ACE, angiotensin‐converting enzyme; COX‐2, cyclooxygenase‐2; HCV, hepatitis C virus; IL‐6R, interleukin‐6 (IL‐6) receptor; MERS‐CoV, Middle East respiratory syndrome coronavirus; SARS‐CoV, severe acute respiratory syndrome coronavirus; TMPRSS2, transmembrane serine protease 2; TNFα, tumor necrosis factor α; VEGF, vascular endothelial growth factor.

The research of the clinical trials has been done using the following keywords: COVID, COVID‐19, SARS‐CoV‐2 or novel coronavirus, together with the name of each drug (https://clinicaltrials.gov. Accessed on April, 20 2020)*. For testing in COVID‐19.

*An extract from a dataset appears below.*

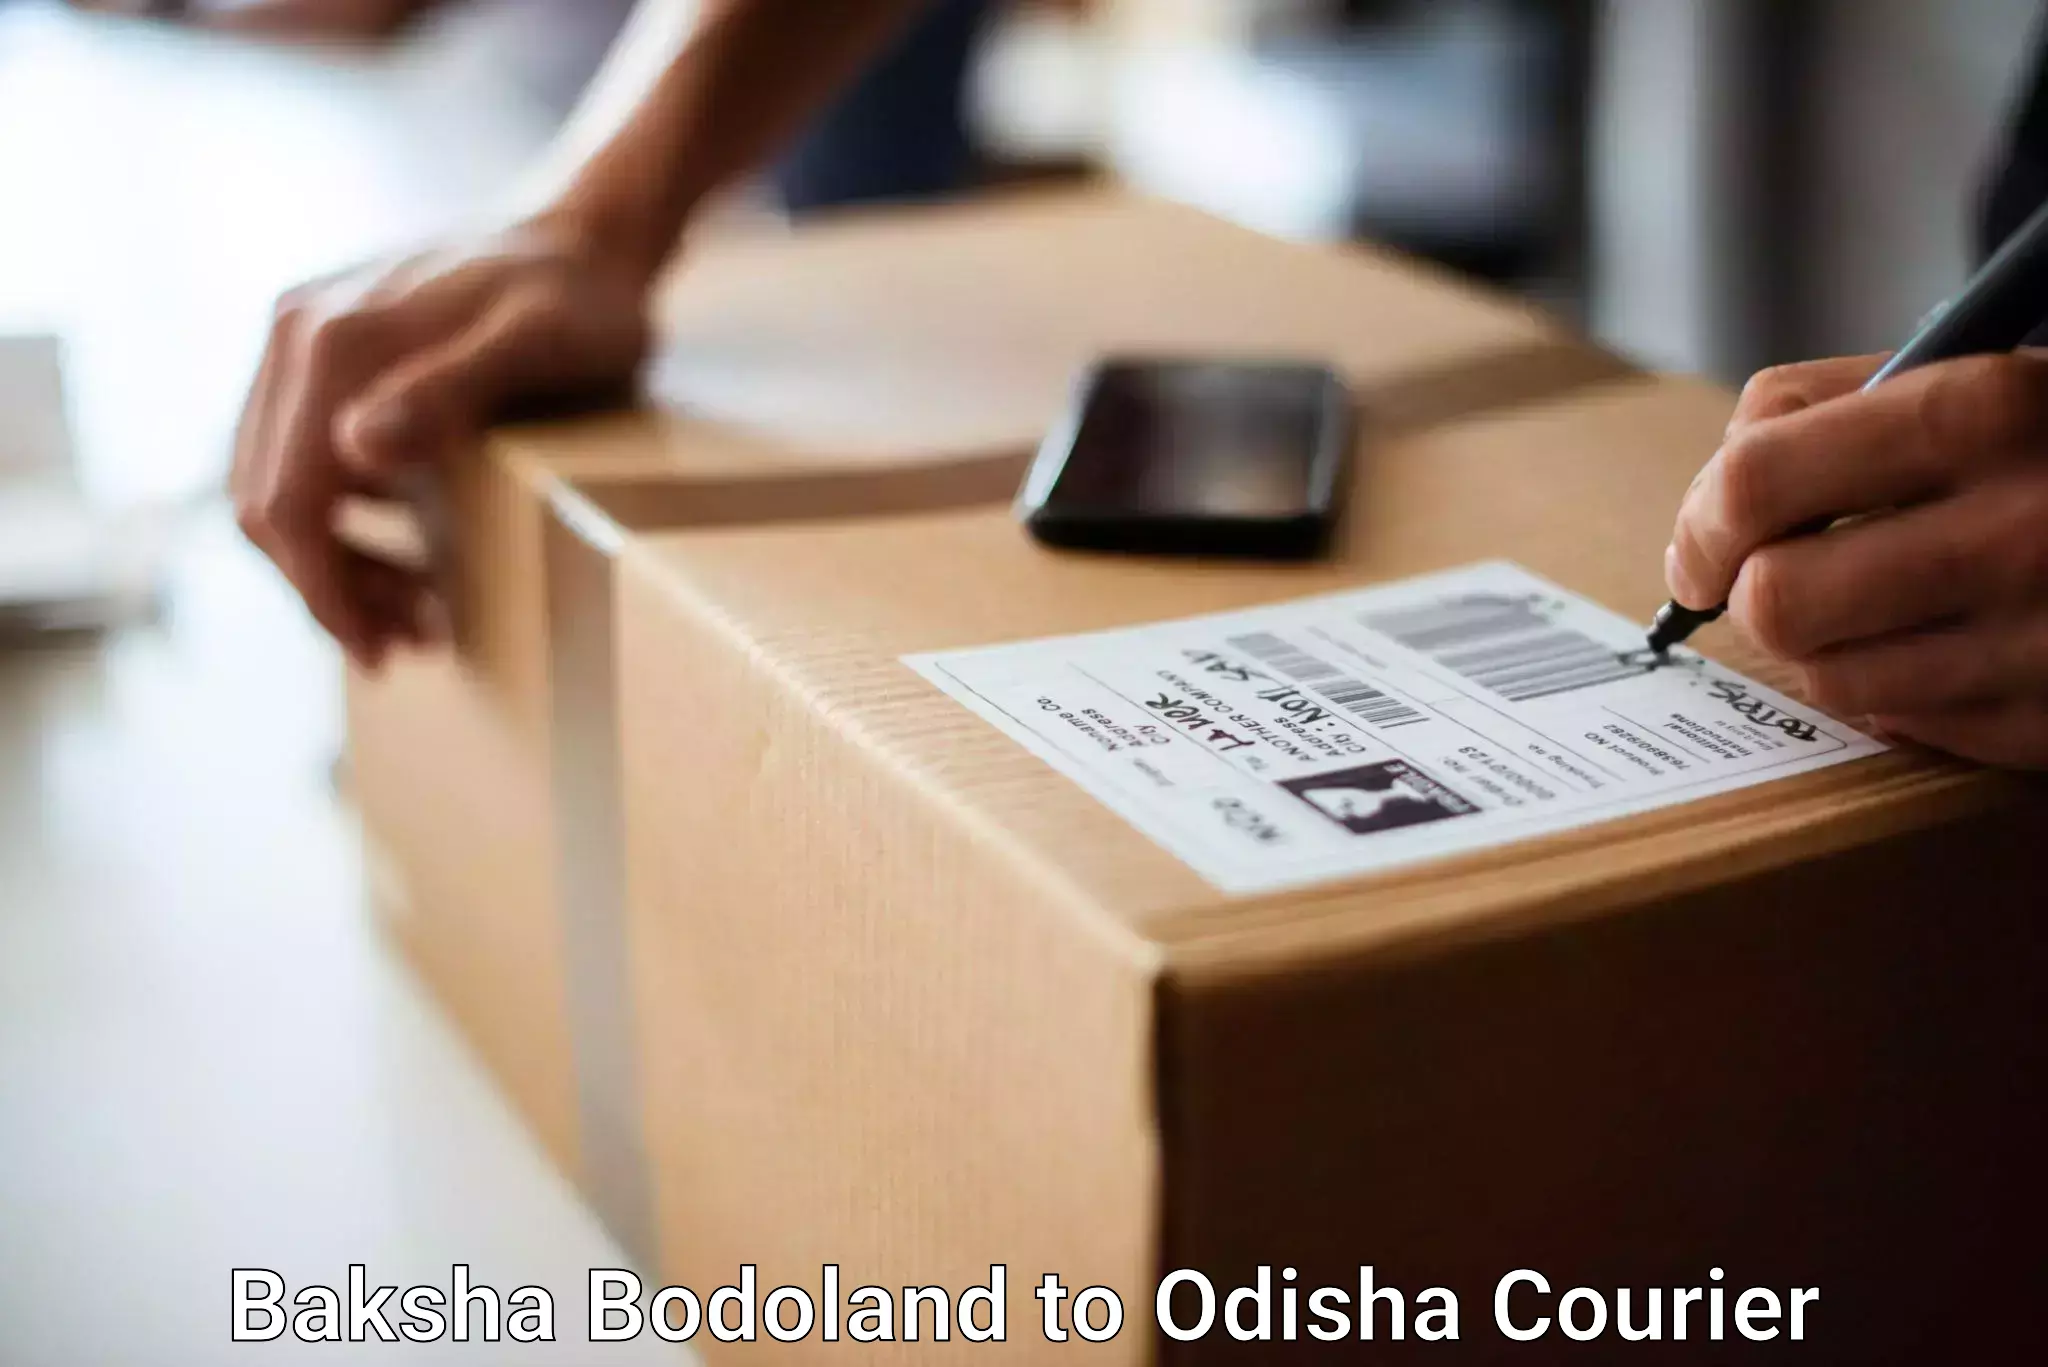 Emergency baggage service Baksha Bodoland to Phulbani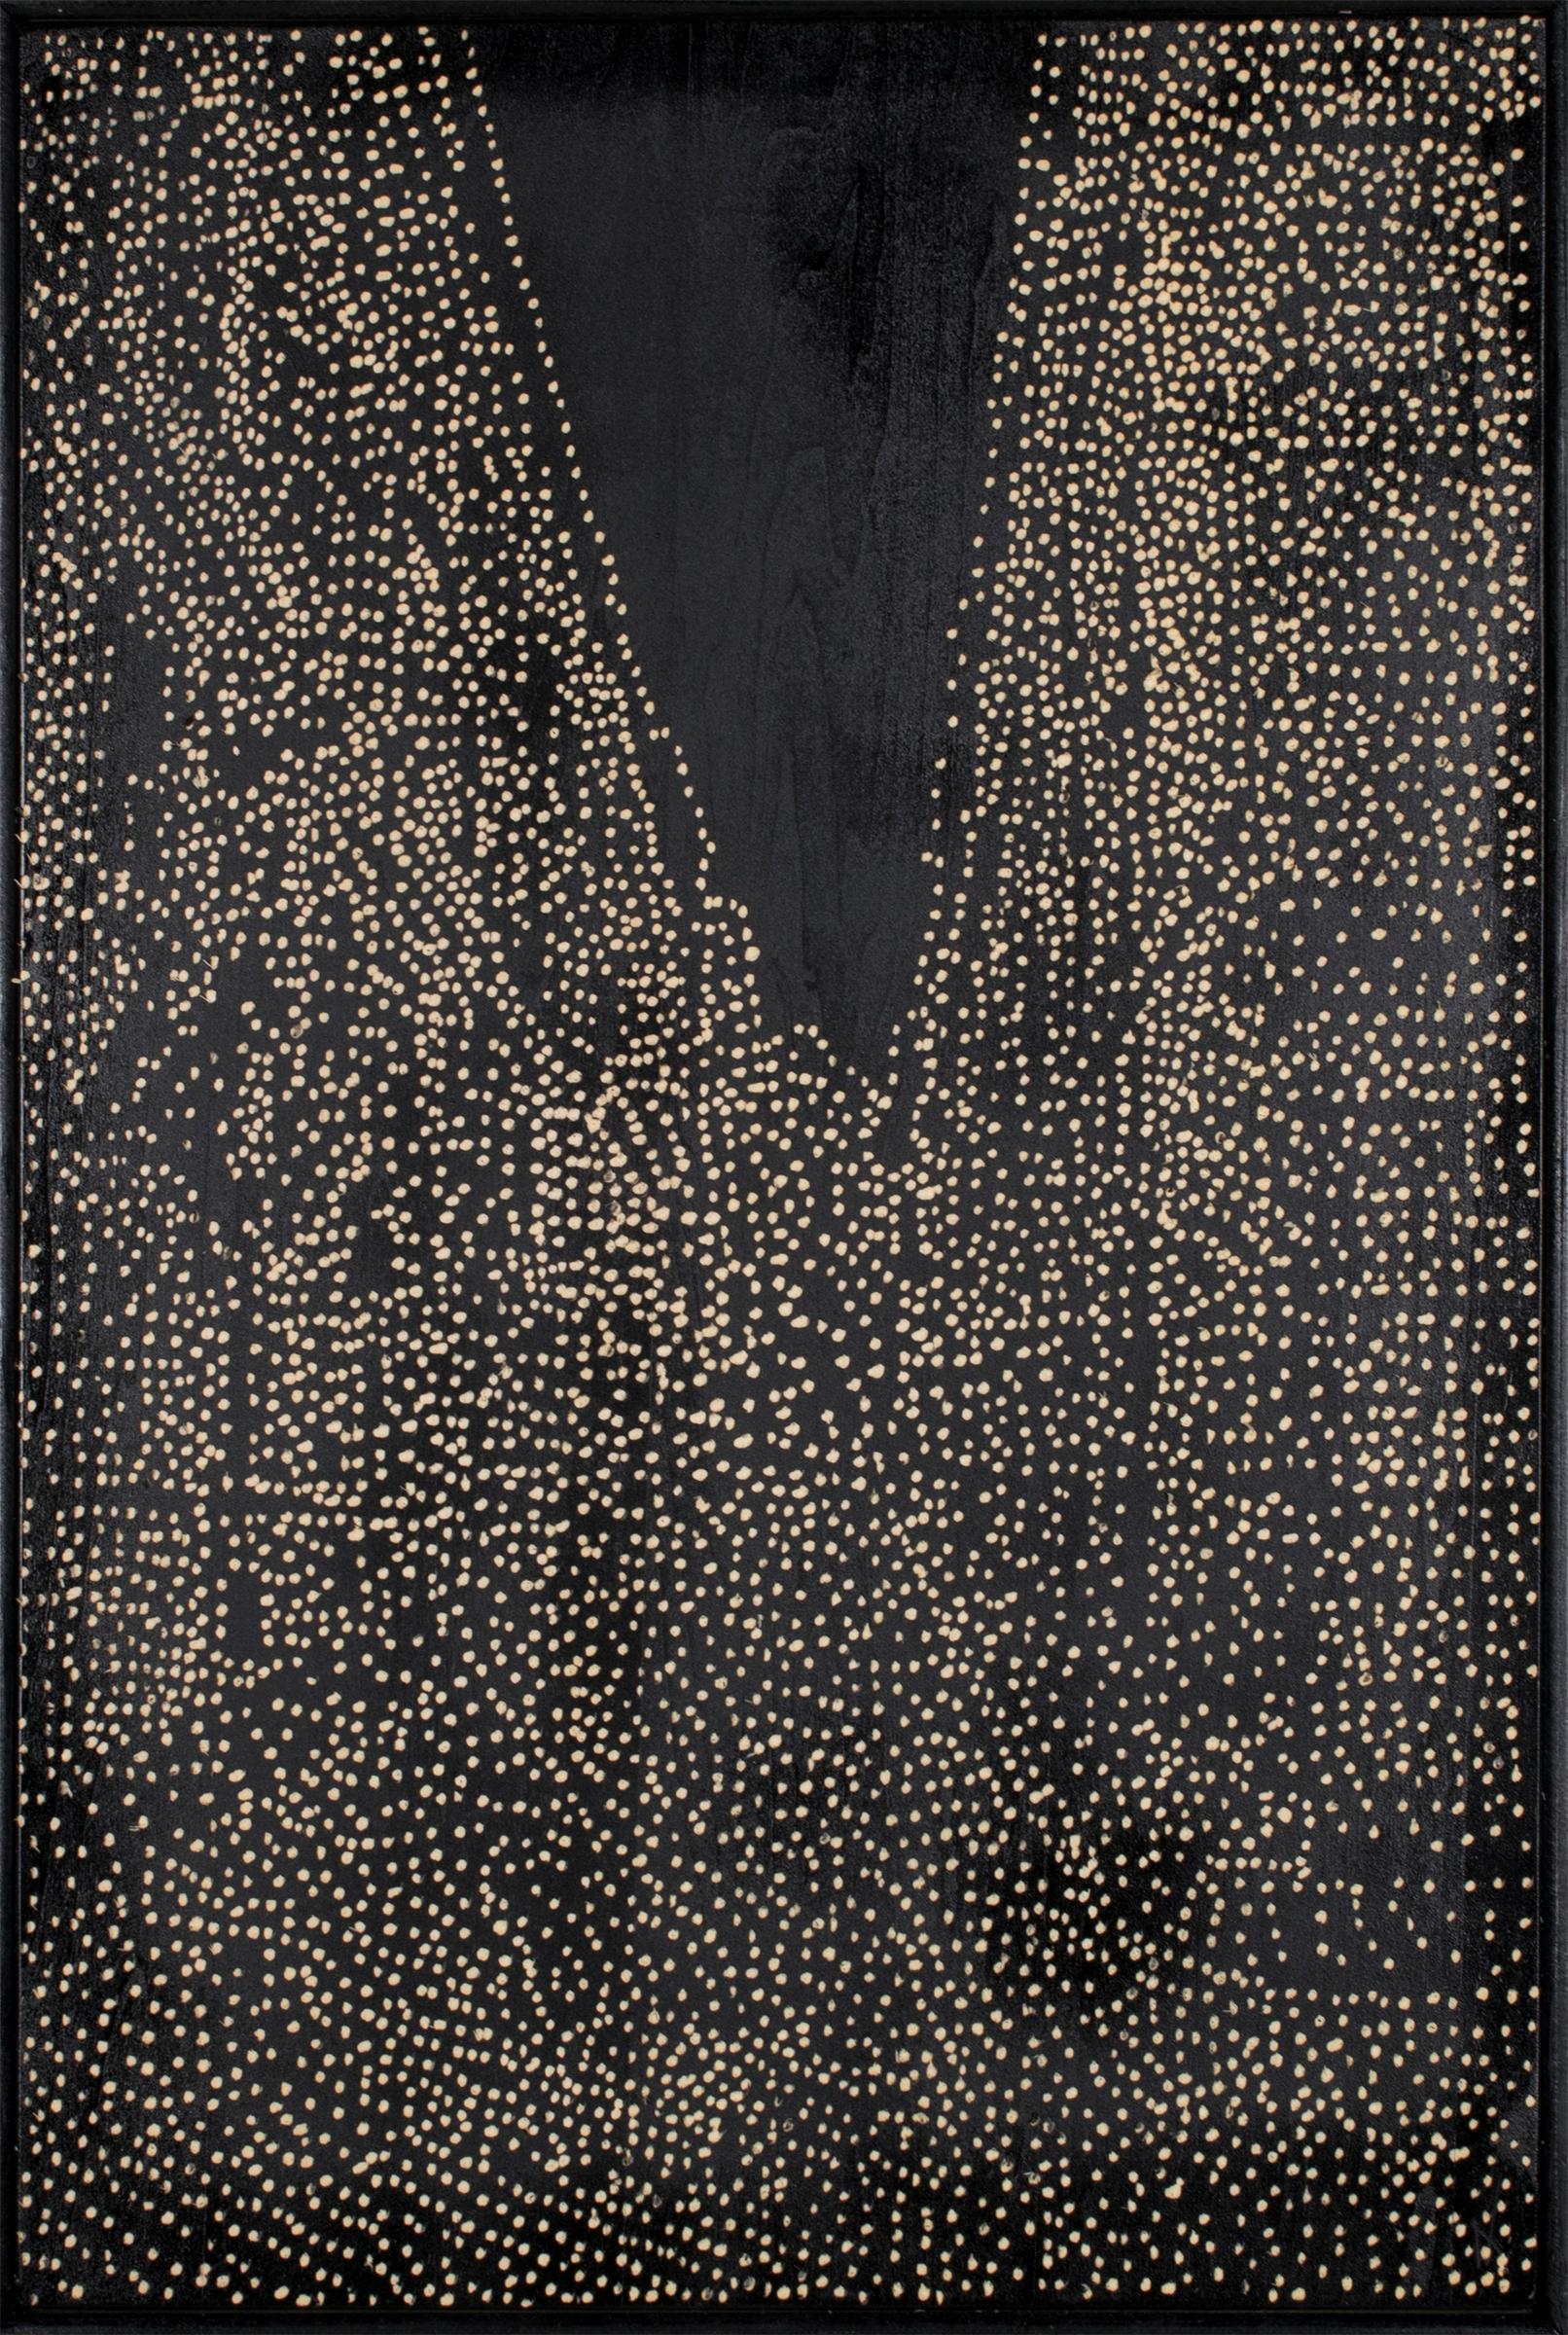 « Romé II », gravure sur bois pointilliste, 2012

Most trials allow participation of transplant recipients, but they are not designed to address the specific questions the transplant physicians are facing. While post hoc analyses may allow to define characteristic responses in transplant patients, ad hoc trials are urgently needed in transplant patients. Should immunosuppression be reduced to unleash the antiviral response or maintained to prevent uncontrolled inflammatory response? Should certain immunosuppressive drugs be maintained based on their supposed antiviral effects? Is the antibody response different in transplant patients? These are only some of the questions warranting crucial answers.

This crisis has shown how vulnerable we are and foreshadows that our community and humanity at large will face more of these emergencies in the future. However, the great collaborative effort of the scientific community and the highly translational approach of the clinical studies are a true demonstration of National Institutes of Health (NIH)’ mission, seeking “fundamental knowledge about the nature and behavior of living systems and the application of that knowledge to enhance health, lengthen life, and reduce illness and disability” [4]. This experience proves that scientists in numerous fields can fruitfully interact and leverage their own expertise to make the world healthier and a safer place. The transplant community should have a leading role in this effort to understand COVID‐19 pathophysiology in the unique population of organ recipients on chronic immunosuppression.

Conflicts of interest

The authors of this manuscript have no conflicts of interest to disclose as described by Transplant International.